The presence of trait variation in prey or predator populations may affect the stability and the shape, i.e. amplitude and phase, of predator-prey dynamics. However, while previous studies have shown how trait variation can alter the overall amplitude of the predator-prey oscillations, this altered amplitude remained constant over time. This strongly contrasts with empirically observed predator-prey dynamics and recent theoretical work, showing that several mechanisms may lead to so called intermittent predator- prey cycles where the amplitude of the predator-prey dynamics varies temporally.
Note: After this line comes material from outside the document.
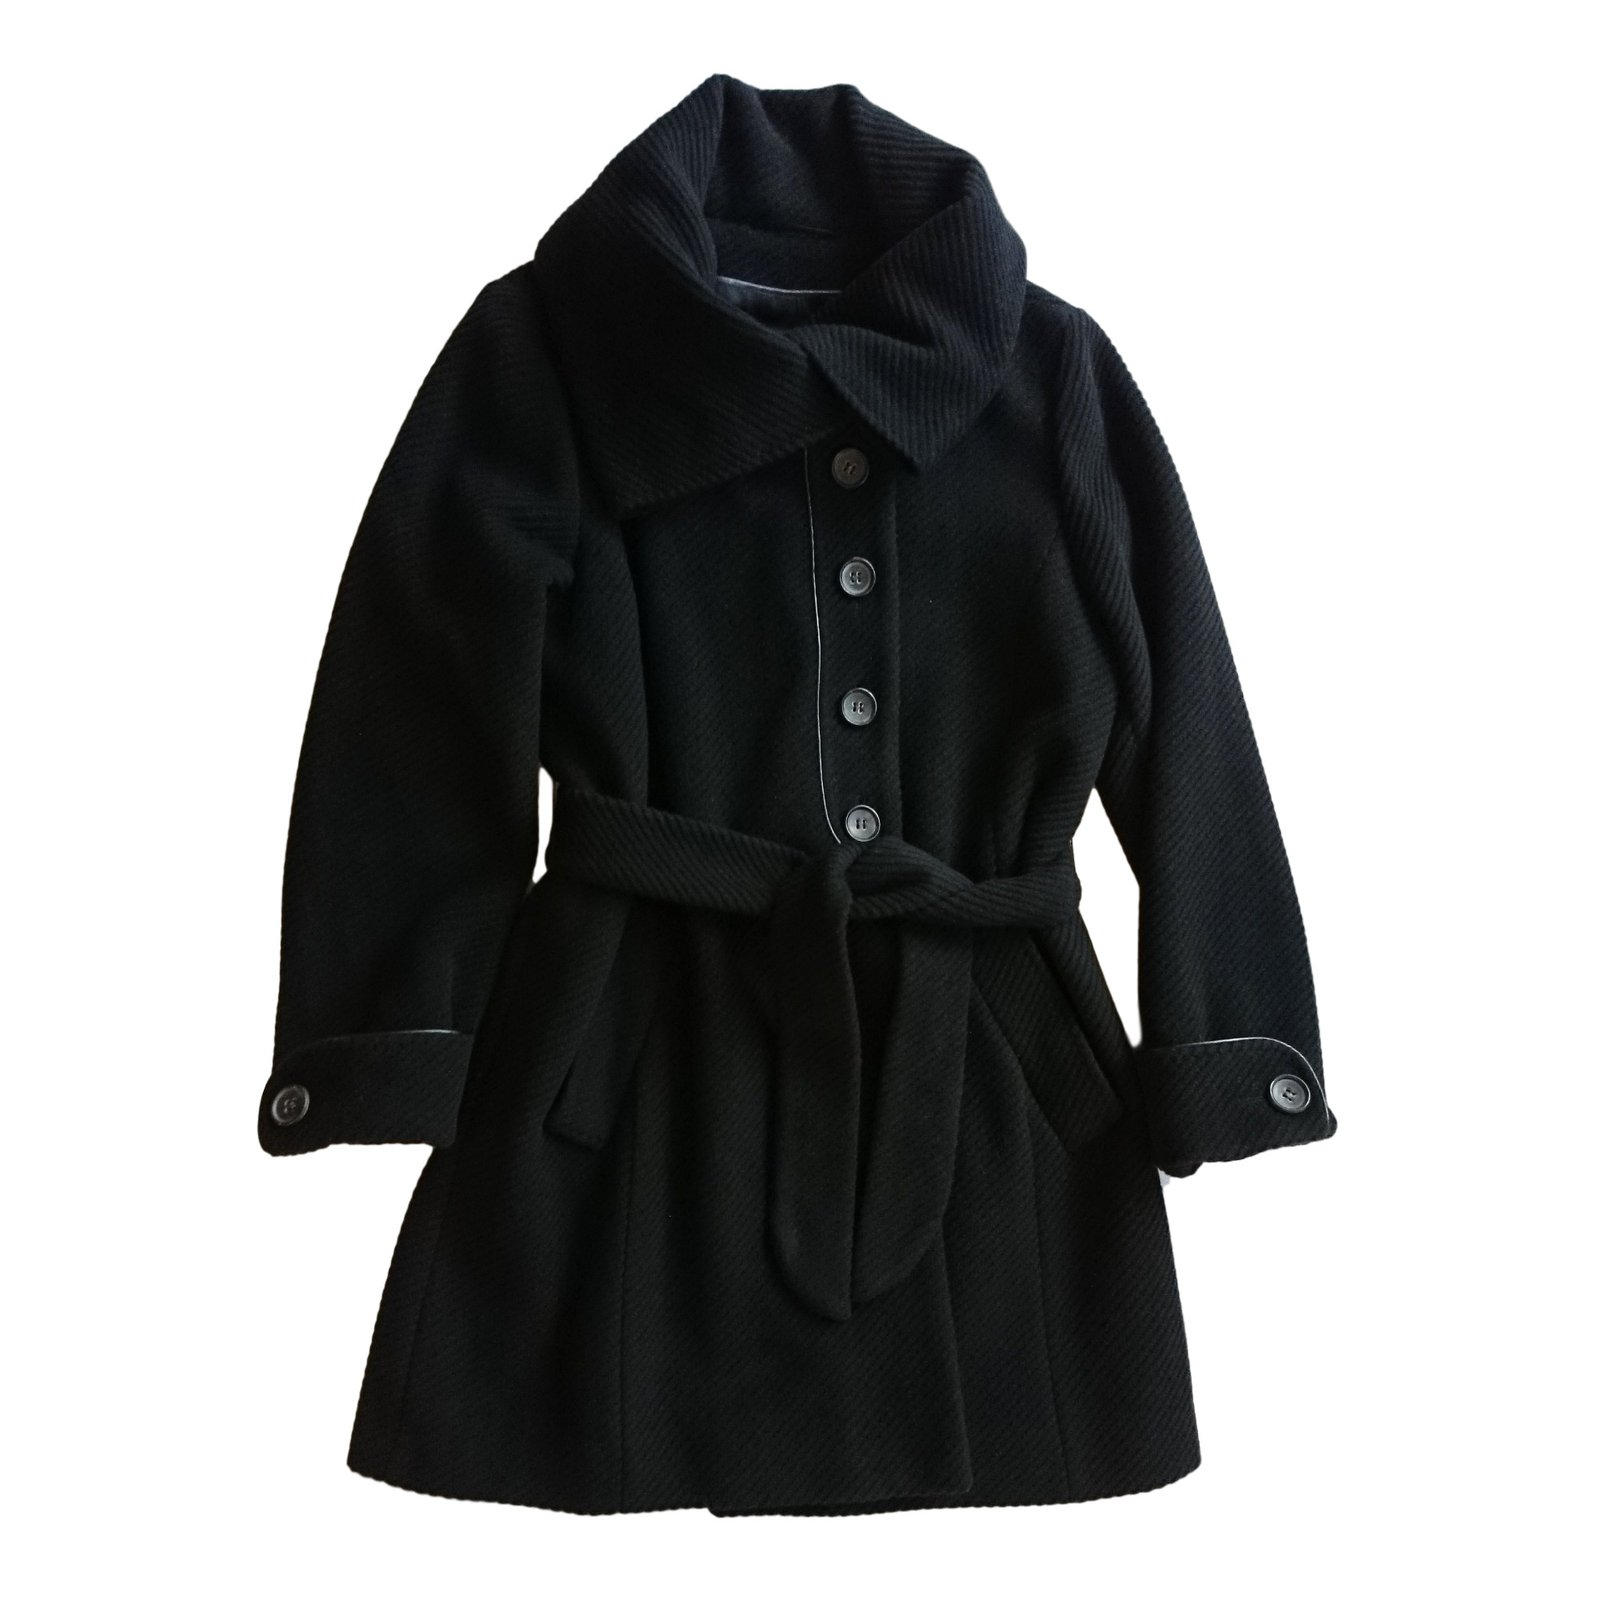 manteaux gerard darel manteau laine noir joli closet. Black Bedroom Furniture Sets. Home Design Ideas
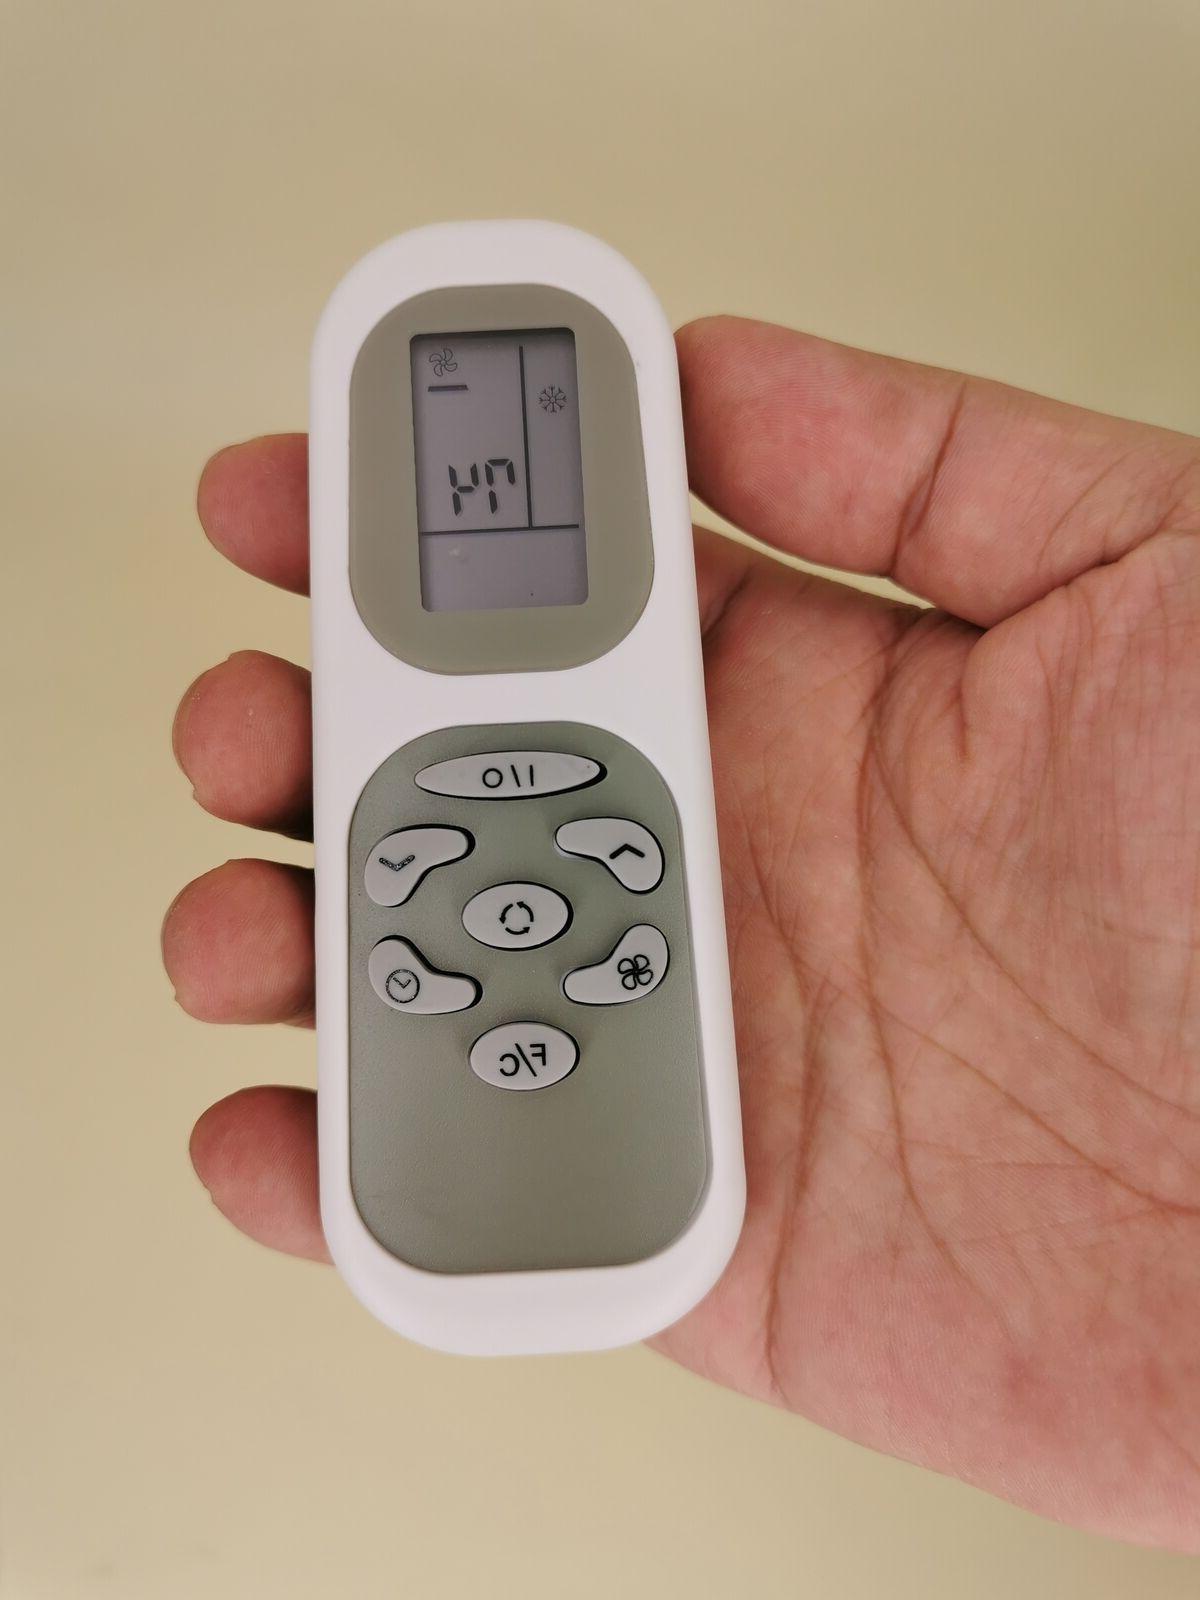 Second generation for Frigidaire Air Conditioner Remote Cont

For instance, trait differences that determine the functional responses of two predators may provoke temporal fluctuations in the amplitudes of the predator-prey cycles due to recurrent changes in the relative abundance of the two predator types: a predator with a relatively linear functional response promotes small-amplitude oscillations whereas a predator with a more strongly non-linear functional response stimulates larger amplitudes. We analysed various models that incorporate trait variation within prey, predators, or both, and identified three general conditions that are necessary for intermittent cycles to occur. First, the predator-prey system comprises at least two subsystems that exhibit substantial differences in the amplitude of their population dynamics and thus tendency to promote stable or unstable population dynamics. Second, these subsystems recurrently alternate in their dominance, leading to a second “trait” cycle superimposed on the population dynamics. Finally, the time scale of the trait dynamics must be significantly slower than that of the population dynamics. For instance, co-evolution may promote intermittent cycles in predator-prey dynamics by inducing a lag in the predators’ trait adjustment in response to altered trait values of the prey. The resulting temporal variation in the interaction strength between predator and prey is associated with temporal changes in the amplitudes of the population dynamics since e.g., a dominance of defended prey dampens the population dynamics whereas a high abundance of undefended prey enhances it. Our results highlight that intermittent cycles may frequently occur in simple predator-prey systems allowing for trait variation.